Available data
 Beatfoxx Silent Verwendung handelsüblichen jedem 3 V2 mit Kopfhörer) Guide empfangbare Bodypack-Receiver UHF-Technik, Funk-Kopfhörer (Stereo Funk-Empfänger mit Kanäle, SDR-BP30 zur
---
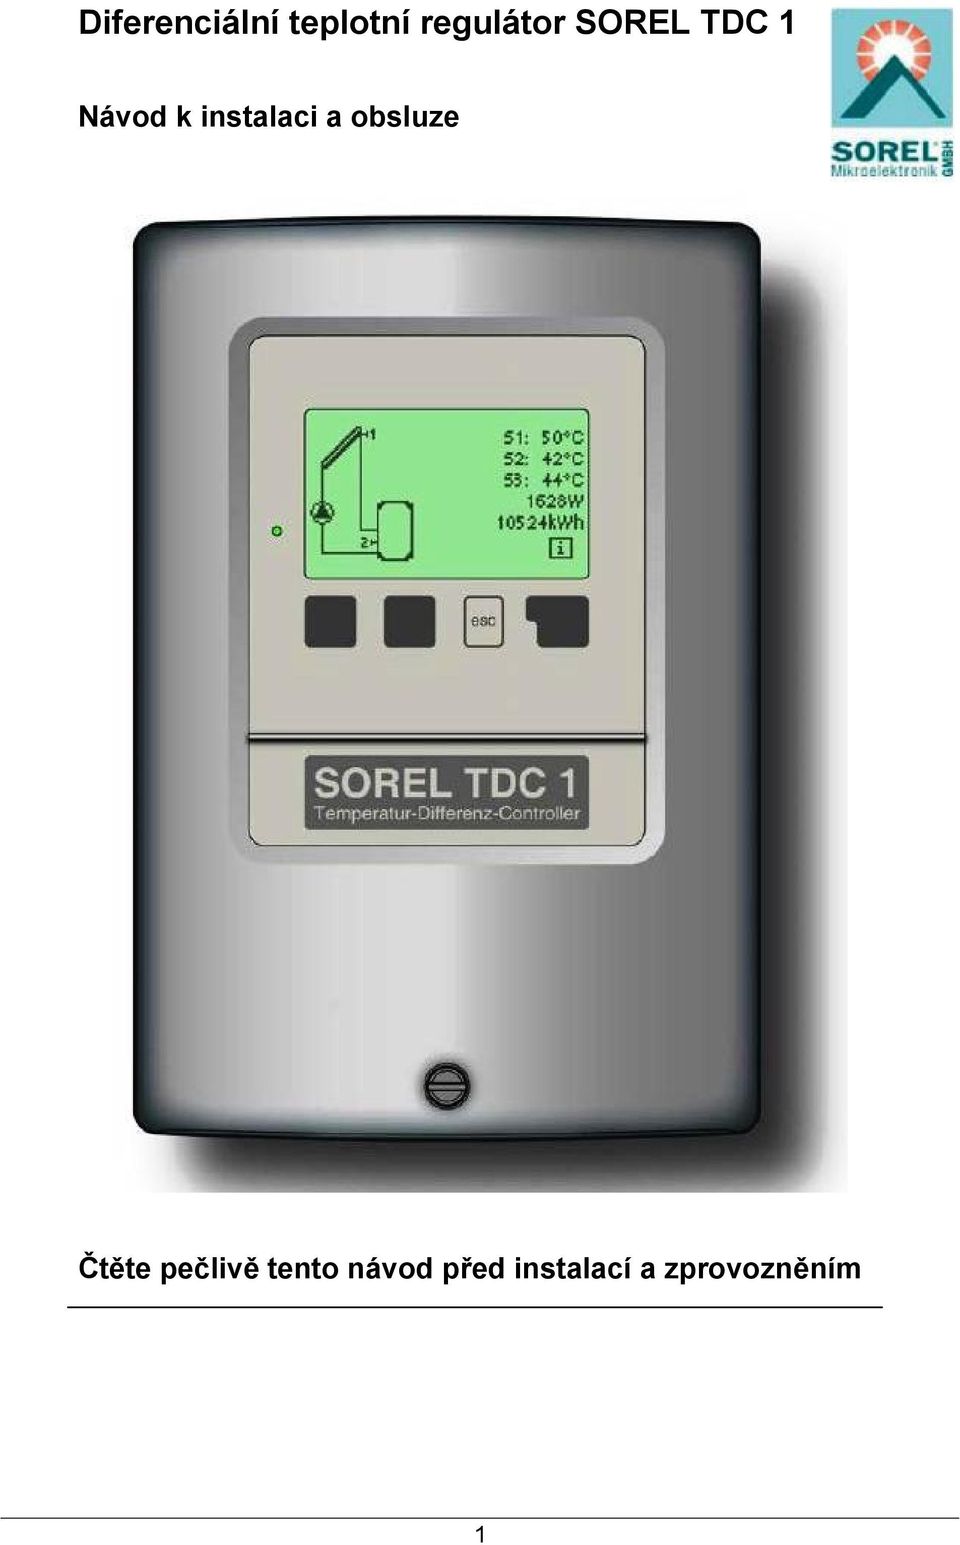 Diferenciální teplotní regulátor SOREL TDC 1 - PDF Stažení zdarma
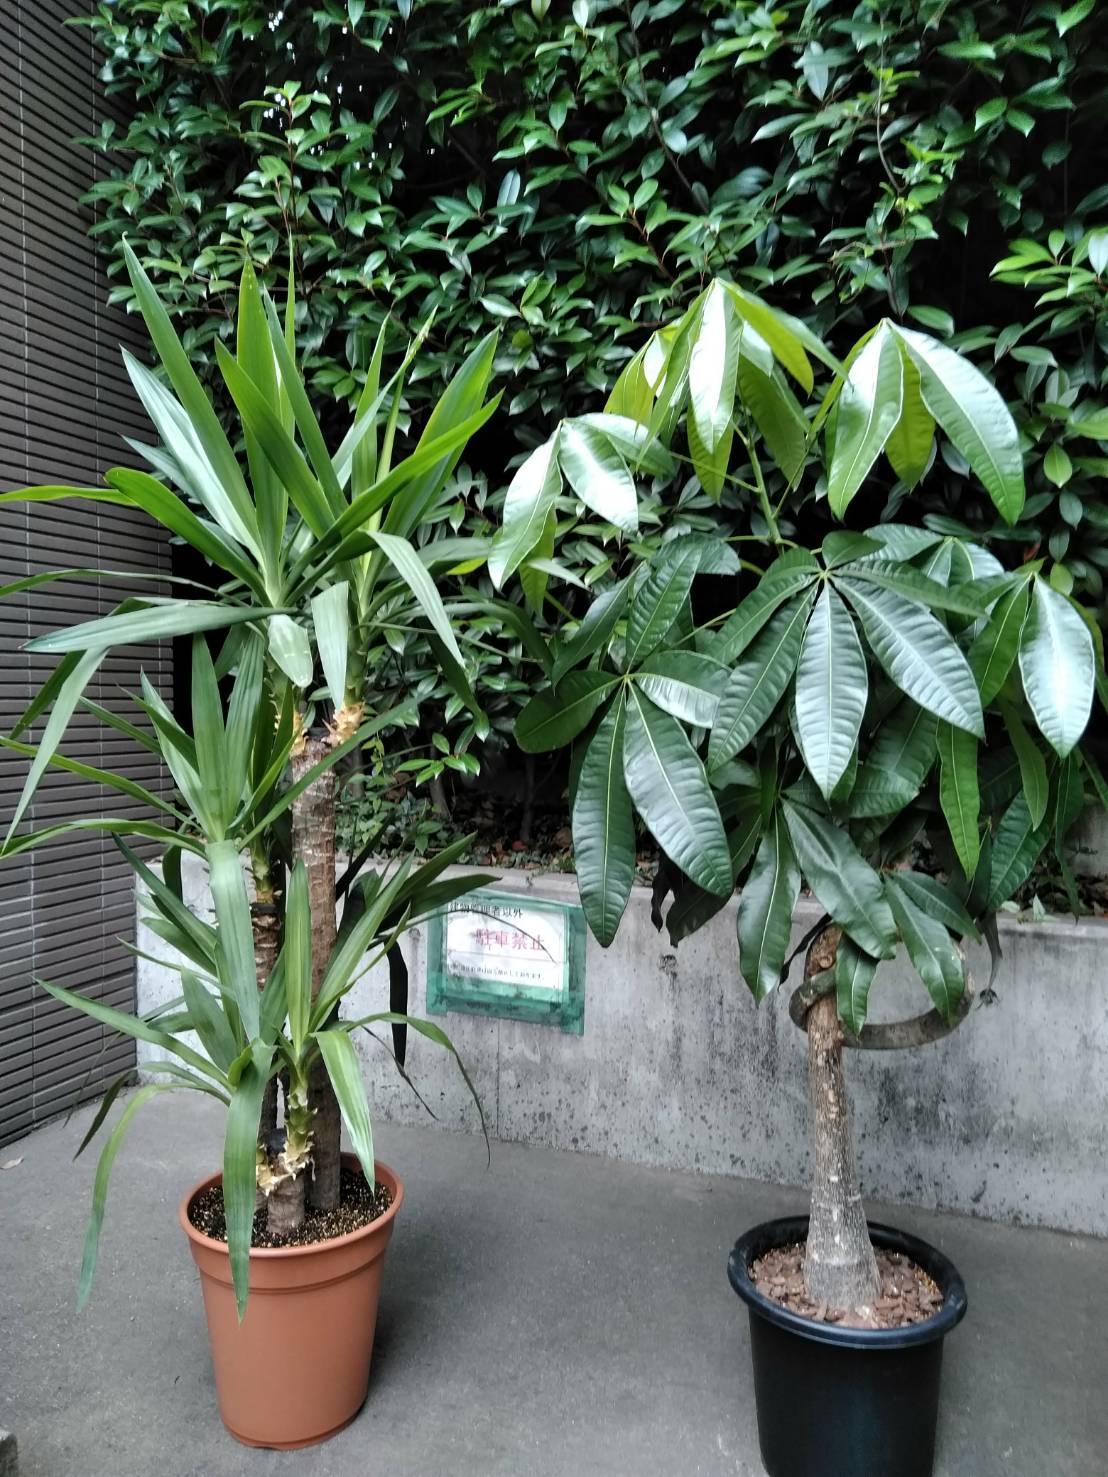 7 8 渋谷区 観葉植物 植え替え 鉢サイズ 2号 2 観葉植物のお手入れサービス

Activity
Reproduce the lines above beginning at the line that contains "Diferenciální teplotní regulátor" and ending at the line that contains "7 8 渋谷区 観葉植物 植え替え 鉢サイズ 2号 2 観葉植物のお手入れサービス". No pictures.

Finished task
 Diferenciální teplotní regulátor SOREL TDC 1 - PDF Stažení zdarma
 7 8 渋谷区 観葉植物 植え替え 鉢サイズ 2号 2 観葉植物のお手入れサービス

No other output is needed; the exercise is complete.